◆ WORK TASK: Below is a listing; reproduce each line of it exactly.

◆ DATA EXTRACT:

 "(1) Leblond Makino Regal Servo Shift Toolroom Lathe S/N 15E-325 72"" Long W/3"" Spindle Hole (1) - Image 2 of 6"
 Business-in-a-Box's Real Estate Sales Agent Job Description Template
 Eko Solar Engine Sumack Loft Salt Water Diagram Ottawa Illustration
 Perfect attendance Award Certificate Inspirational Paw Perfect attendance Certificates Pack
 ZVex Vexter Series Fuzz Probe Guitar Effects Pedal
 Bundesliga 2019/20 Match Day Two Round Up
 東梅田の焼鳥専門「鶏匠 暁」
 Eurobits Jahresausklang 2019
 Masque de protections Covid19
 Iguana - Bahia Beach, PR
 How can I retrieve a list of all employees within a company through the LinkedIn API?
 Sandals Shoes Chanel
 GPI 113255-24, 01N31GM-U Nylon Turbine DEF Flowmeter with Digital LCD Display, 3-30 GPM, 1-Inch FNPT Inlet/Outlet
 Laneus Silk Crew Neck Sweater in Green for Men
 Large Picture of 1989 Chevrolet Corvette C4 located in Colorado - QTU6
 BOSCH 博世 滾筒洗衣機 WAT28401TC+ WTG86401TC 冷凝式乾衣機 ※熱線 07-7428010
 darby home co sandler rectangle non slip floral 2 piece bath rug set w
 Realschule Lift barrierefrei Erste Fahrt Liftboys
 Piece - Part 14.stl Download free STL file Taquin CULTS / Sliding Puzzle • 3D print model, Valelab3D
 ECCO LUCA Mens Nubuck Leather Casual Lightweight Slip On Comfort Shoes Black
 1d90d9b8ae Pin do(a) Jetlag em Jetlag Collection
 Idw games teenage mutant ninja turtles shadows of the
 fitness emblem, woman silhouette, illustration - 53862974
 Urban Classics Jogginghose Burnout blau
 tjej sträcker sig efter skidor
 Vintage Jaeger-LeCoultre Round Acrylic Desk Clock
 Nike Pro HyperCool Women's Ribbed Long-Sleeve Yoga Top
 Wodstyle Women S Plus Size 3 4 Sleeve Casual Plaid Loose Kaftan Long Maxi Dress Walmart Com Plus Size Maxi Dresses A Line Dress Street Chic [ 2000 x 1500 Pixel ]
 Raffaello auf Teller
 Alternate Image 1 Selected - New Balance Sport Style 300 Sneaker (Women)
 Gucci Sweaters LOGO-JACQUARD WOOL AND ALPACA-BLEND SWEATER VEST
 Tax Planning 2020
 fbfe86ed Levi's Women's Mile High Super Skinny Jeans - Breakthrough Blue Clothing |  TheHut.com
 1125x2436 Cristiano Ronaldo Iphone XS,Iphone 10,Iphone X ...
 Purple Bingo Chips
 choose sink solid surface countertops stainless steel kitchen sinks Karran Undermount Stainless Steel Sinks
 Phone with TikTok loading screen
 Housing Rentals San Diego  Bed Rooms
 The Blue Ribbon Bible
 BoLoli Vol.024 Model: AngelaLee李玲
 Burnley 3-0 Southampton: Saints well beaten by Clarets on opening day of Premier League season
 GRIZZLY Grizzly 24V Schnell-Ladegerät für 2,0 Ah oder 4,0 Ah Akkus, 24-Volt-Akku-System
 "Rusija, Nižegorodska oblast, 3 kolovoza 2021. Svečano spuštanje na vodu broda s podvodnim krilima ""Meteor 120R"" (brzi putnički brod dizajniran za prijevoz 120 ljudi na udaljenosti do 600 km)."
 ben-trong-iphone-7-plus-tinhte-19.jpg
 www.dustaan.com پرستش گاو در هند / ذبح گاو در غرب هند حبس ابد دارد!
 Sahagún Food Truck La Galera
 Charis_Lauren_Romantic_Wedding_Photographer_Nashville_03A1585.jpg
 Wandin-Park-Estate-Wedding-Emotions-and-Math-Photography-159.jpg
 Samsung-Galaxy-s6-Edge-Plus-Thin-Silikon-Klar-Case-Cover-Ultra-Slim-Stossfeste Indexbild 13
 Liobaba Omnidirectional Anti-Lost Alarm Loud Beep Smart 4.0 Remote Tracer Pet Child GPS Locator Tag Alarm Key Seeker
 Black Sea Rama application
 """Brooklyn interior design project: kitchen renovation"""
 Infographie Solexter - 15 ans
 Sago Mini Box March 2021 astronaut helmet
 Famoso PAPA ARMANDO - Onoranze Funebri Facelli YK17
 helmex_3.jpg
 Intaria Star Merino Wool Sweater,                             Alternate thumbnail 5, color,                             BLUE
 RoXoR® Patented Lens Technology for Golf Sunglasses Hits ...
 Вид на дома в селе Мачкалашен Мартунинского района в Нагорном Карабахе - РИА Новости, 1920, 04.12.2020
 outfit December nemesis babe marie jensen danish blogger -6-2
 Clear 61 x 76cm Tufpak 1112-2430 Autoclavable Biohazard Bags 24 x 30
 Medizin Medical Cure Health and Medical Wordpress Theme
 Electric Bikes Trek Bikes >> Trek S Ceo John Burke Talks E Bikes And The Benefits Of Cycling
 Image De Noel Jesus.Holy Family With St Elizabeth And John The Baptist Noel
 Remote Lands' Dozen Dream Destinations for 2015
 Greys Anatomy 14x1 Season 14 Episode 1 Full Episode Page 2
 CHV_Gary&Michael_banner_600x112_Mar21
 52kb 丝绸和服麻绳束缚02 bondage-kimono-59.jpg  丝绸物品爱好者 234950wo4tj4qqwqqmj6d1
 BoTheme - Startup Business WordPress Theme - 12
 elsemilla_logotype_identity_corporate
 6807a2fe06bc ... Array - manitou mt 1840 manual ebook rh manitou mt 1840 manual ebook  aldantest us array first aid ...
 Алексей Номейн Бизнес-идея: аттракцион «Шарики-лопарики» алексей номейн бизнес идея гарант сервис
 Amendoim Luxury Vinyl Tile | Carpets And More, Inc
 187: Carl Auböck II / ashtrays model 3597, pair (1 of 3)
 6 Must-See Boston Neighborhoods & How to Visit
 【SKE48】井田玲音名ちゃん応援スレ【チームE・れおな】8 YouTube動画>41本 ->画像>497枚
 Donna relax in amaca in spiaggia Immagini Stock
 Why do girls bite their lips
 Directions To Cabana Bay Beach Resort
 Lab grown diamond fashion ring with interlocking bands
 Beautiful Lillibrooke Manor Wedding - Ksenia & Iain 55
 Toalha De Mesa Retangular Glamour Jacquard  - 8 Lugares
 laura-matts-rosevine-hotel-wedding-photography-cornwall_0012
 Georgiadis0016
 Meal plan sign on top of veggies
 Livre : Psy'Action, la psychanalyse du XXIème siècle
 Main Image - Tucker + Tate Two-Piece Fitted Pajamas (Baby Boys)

◆ RESPONSE BOX:
 "(1) Leblond Makino Regal Servo Shift Toolroom Lathe S/N 15E-325 72"" Long W/3"" Spindle Hole (1) - Image 2 of 6"
 Business-in-a-Box's Real Estate Sales Agent Job Description Template
 Eko Solar Engine Sumack Loft Salt Water Diagram Ottawa Illustration
 Perfect attendance Award Certificate Inspirational Paw Perfect attendance Certificates Pack
 ZVex Vexter Series Fuzz Probe Guitar Effects Pedal
 Bundesliga 2019/20 Match Day Two Round Up
 東梅田の焼鳥専門「鶏匠 暁」
 Eurobits Jahresausklang 2019
 Masque de protections Covid19
 Iguana - Bahia Beach, PR
 How can I retrieve a list of all employees within a company through the LinkedIn API?
 Sandals Shoes Chanel
 GPI 113255-24, 01N31GM-U Nylon Turbine DEF Flowmeter with Digital LCD Display, 3-30 GPM, 1-Inch FNPT Inlet/Outlet
 Laneus Silk Crew Neck Sweater in Green for Men
 Large Picture of 1989 Chevrolet Corvette C4 located in Colorado - QTU6
 BOSCH 博世 滾筒洗衣機 WAT28401TC+ WTG86401TC 冷凝式乾衣機 ※熱線 07-7428010
 darby home co sandler rectangle non slip floral 2 piece bath rug set w
 Realschule Lift barrierefrei Erste Fahrt Liftboys
 Piece - Part 14.stl Download free STL file Taquin CULTS / Sliding Puzzle • 3D print model, Valelab3D
 ECCO LUCA Mens Nubuck Leather Casual Lightweight Slip On Comfort Shoes Black
 1d90d9b8ae Pin do(a) Jetlag em Jetlag Collection
 Idw games teenage mutant ninja turtles shadows of the
 fitness emblem, woman silhouette, illustration - 53862974
 Urban Classics Jogginghose Burnout blau
 tjej sträcker sig efter skidor
 Vintage Jaeger-LeCoultre Round Acrylic Desk Clock
 Nike Pro HyperCool Women's Ribbed Long-Sleeve Yoga Top
 Wodstyle Women S Plus Size 3 4 Sleeve Casual Plaid Loose Kaftan Long Maxi Dress Walmart Com Plus Size Maxi Dresses A Line Dress Street Chic [ 2000 x 1500 Pixel ]
 Raffaello auf Teller
 Alternate Image 1 Selected - New Balance Sport Style 300 Sneaker (Women)
 Gucci Sweaters LOGO-JACQUARD WOOL AND ALPACA-BLEND SWEATER VEST
 Tax Planning 2020
 fbfe86ed Levi's Women's Mile High Super Skinny Jeans - Breakthrough Blue Clothing |  TheHut.com
 1125x2436 Cristiano Ronaldo Iphone XS,Iphone 10,Iphone X ...
 Purple Bingo Chips
 choose sink solid surface countertops stainless steel kitchen sinks Karran Undermount Stainless Steel Sinks
 Phone with TikTok loading screen
 Housing Rentals San Diego  Bed Rooms
 The Blue Ribbon Bible
 BoLoli Vol.024 Model: AngelaLee李玲
 Burnley 3-0 Southampton: Saints well beaten by Clarets on opening day of Premier League season
 GRIZZLY Grizzly 24V Schnell-Ladegerät für 2,0 Ah oder 4,0 Ah Akkus, 24-Volt-Akku-System
 "Rusija, Nižegorodska oblast, 3 kolovoza 2021. Svečano spuštanje na vodu broda s podvodnim krilima ""Meteor 120R"" (brzi putnički brod dizajniran za prijevoz 120 ljudi na udaljenosti do 600 km)."
 ben-trong-iphone-7-plus-tinhte-19.jpg
 www.dustaan.com پرستش گاو در هند / ذبح گاو در غرب هند حبس ابد دارد!
 Sahagún Food Truck La Galera
 Charis_Lauren_Romantic_Wedding_Photographer_Nashville_03A1585.jpg
 Wandin-Park-Estate-Wedding-Emotions-and-Math-Photography-159.jpg
 Samsung-Galaxy-s6-Edge-Plus-Thin-Silikon-Klar-Case-Cover-Ultra-Slim-Stossfeste Indexbild 13
 Liobaba Omnidirectional Anti-Lost Alarm Loud Beep Smart 4.0 Remote Tracer Pet Child GPS Locator Tag Alarm Key Seeker
 Black Sea Rama application
 """Brooklyn interior design project: kitchen renovation"""
 Infographie Solexter - 15 ans
 Sago Mini Box March 2021 astronaut helmet
 Famoso PAPA ARMANDO - Onoranze Funebri Facelli YK17
 helmex_3.jpg
 Intaria Star Merino Wool Sweater,                             Alternate thumbnail 5, color,                             BLUE
 RoXoR® Patented Lens Technology for Golf Sunglasses Hits ...
 Вид на дома в селе Мачкалашен Мартунинского района в Нагорном Карабахе - РИА Новости, 1920, 04.12.2020
 outfit December nemesis babe marie jensen danish blogger -6-2
 Clear 61 x 76cm Tufpak 1112-2430 Autoclavable Biohazard Bags 24 x 30
 Medizin Medical Cure Health and Medical Wordpress Theme
 Electric Bikes Trek Bikes >> Trek S Ceo John Burke Talks E Bikes And The Benefits Of Cycling
 Image De Noel Jesus.Holy Family With St Elizabeth And John The Baptist Noel
 Remote Lands' Dozen Dream Destinations for 2015
 Greys Anatomy 14x1 Season 14 Episode 1 Full Episode Page 2
 CHV_Gary&Michael_banner_600x112_Mar21
 52kb 丝绸和服麻绳束缚02 bondage-kimono-59.jpg  丝绸物品爱好者 234950wo4tj4qqwqqmj6d1
 BoTheme - Startup Business WordPress Theme - 12
 elsemilla_logotype_identity_corporate
 6807a2fe06bc ... Array - manitou mt 1840 manual ebook rh manitou mt 1840 manual ebook  aldantest us array first aid ...
 Алексей Номейн Бизнес-идея: аттракцион «Шарики-лопарики» алексей номейн бизнес идея гарант сервис
 Amendoim Luxury Vinyl Tile | Carpets And More, Inc
 187: Carl Auböck II / ashtrays model 3597, pair (1 of 3)
 6 Must-See Boston Neighborhoods & How to Visit
 【SKE48】井田玲音名ちゃん応援スレ【チームE・れおな】8 YouTube動画>41本 ->画像>497枚
 Donna relax in amaca in spiaggia Immagini Stock
 Why do girls bite their lips
 Directions To Cabana Bay Beach Resort
 Lab grown diamond fashion ring with interlocking bands
 Beautiful Lillibrooke Manor Wedding - Ksenia & Iain 55
 Toalha De Mesa Retangular Glamour Jacquard  - 8 Lugares
 laura-matts-rosevine-hotel-wedding-photography-cornwall_0012
 Georgiadis0016
 Meal plan sign on top of veggies
 Livre : Psy'Action, la psychanalyse du XXIème siècle
 Main Image - Tucker + Tate Two-Piece Fitted Pajamas (Baby Boys)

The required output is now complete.